Томоо Кодзо прикрыл рукой рот, словно без этого жеста он оповестил бы весь мир о своей ненависти к Николасу Линнеру. Кодзо стоял голым перед большим, во весь его рост, зеркалом и смотрел на движения своего тела. Ирезуми изображала утрату, месть и смерть, которые, по мнению Кодзо, составляли три краеугольных камня чести.

Утрата, месть и смерть — это то, что сейчас интересовало Кодзо. Он смотрел на птицу-феникс, которая обхватила своими крыльями его половой орган. Свирепая голова птицы была вытатуирована на его головке. Когда орган увеличивался, росла и птица, расправляя в возбуждении свои странные крылья.

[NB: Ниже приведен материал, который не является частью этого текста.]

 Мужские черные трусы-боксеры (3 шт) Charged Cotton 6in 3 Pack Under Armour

Утрата, месть и смерть определяли не только честь, по и отношения Кодзо с Николасом Линнером. Они никогда не встречались. Вероятно, Николас даже и не знал о существовании Кодзо. Но Кодзо хорошо знал Николаса.

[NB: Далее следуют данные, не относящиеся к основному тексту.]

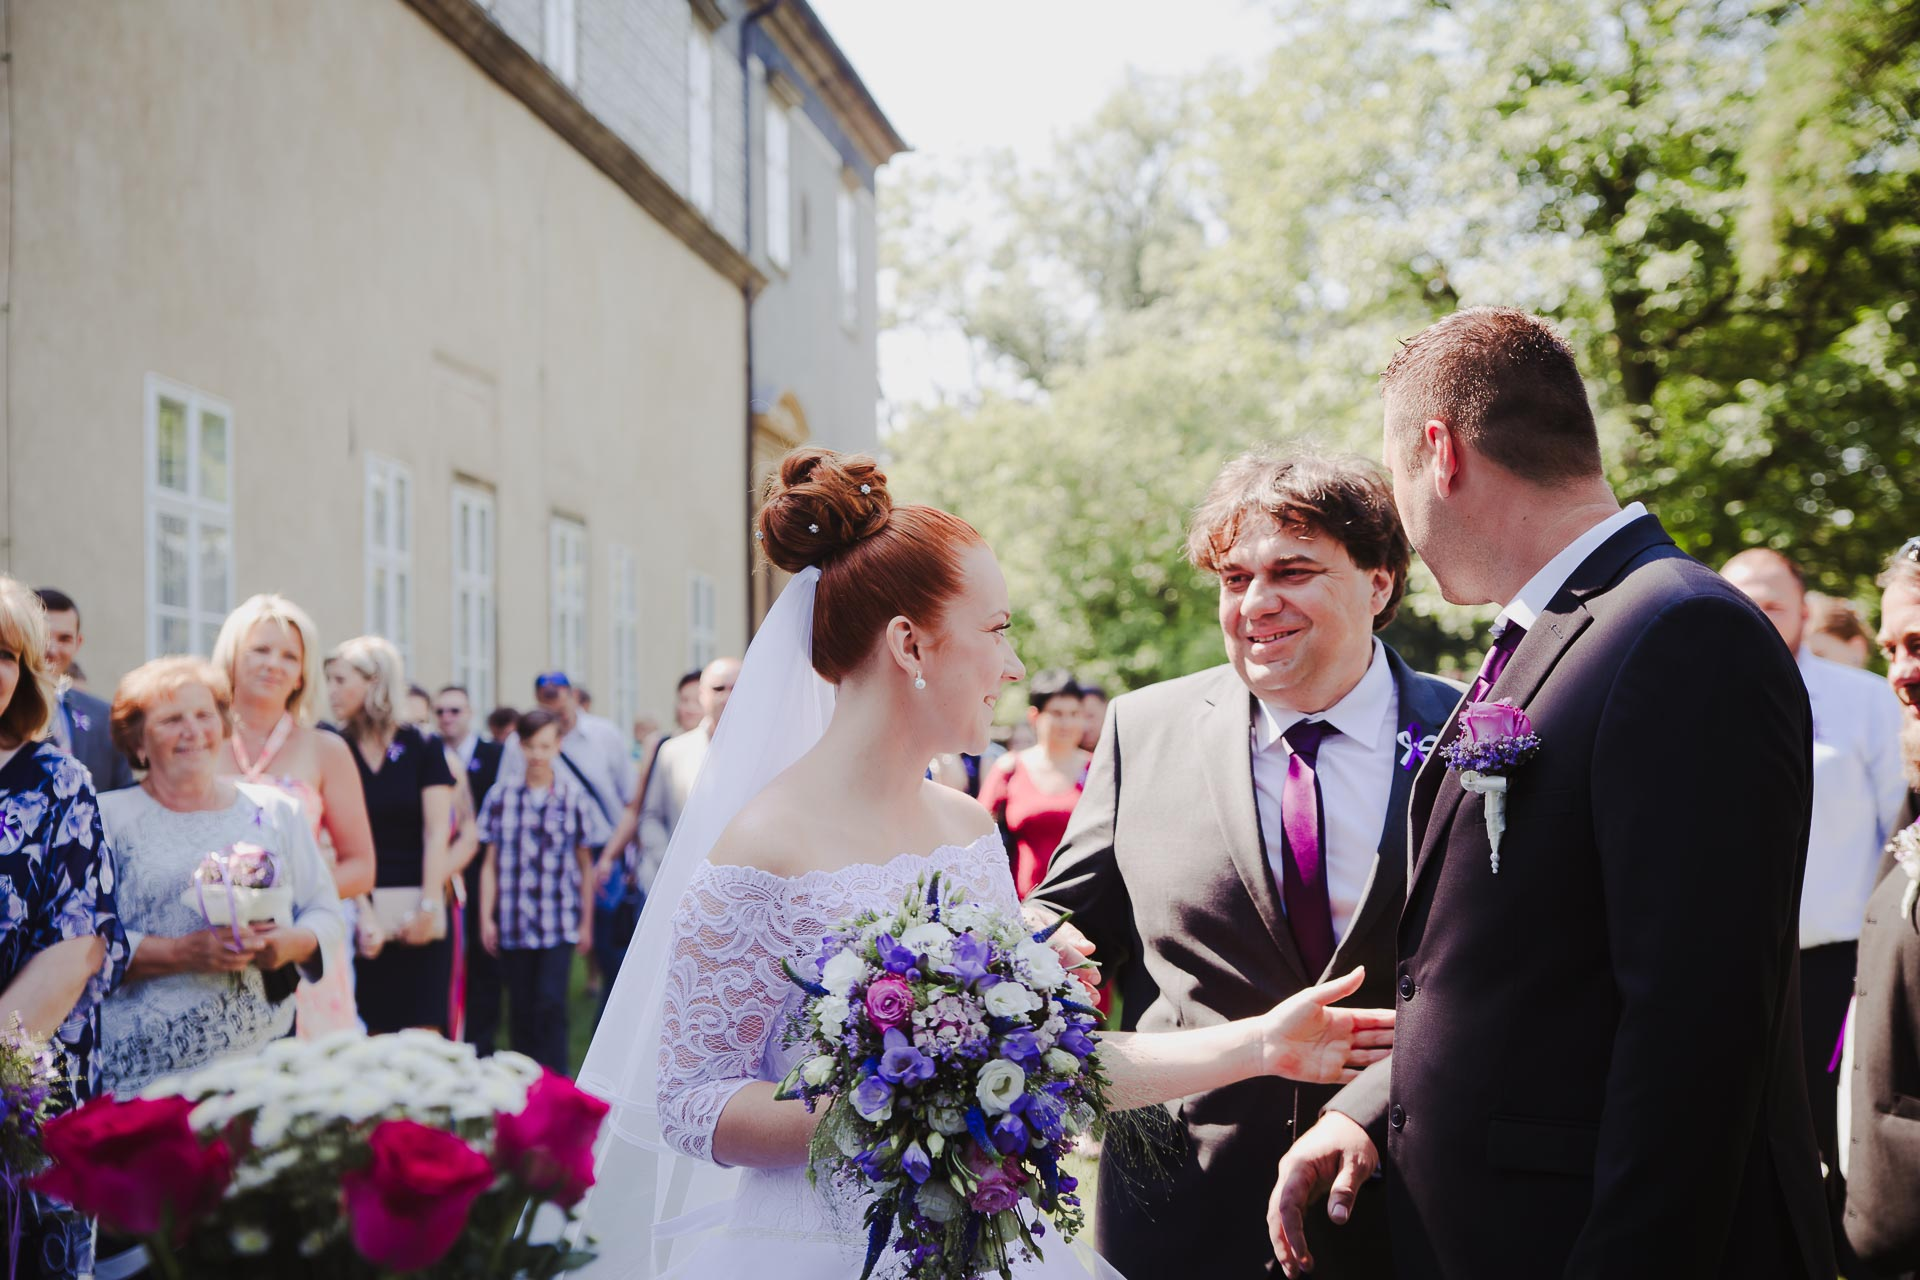 svatebni-fotografie-zamek-Brandys-nad-Labem-1162

Вопреки той лжи, которую он наговорил министру Ушида, Кодзо специально направил белую «тойоту» на Жюстину Линнер и ее любовника. Да, Кодзо было известно, кто он, в тот самый момент, когда он только что приземлился в Нарите, задолго до того, когда узнали об этом Ушида и другие оябуны узкого совета Кайсё. А из-за этого погибла жена Николаса Линнера.

Утрата.

Катсуодо Кодзо, отец Томоо, однажды сыграл определенную роль в возвышении Микио Оками, но Оками пережил его. Конечно, у Оками был полковник.

Кодзо было до смерти противно обожествление полковника Линнера. Даже многие оябуны уважали его за те усилия, которые он предпринимал в защиту их кланов в первые годы оккупации. У Кодзо не было сомнений в том, что полковник по своему образу мышления был больше японец, чем западник. По его мнению, это и делало полковника таким опасным. Это и убило Катсуодо Кодзо.

Кодзо считал, что полковник Линнер сам убил его отца, труп которого без единой царапины нашли в реке Сумида. Катсуодо не умел плавать, и полковник знал об этом. В один жаркий солнечный полдень, когда пот выступает на коже подобно каплям дождя на ветках деревьев, они говорили об этом.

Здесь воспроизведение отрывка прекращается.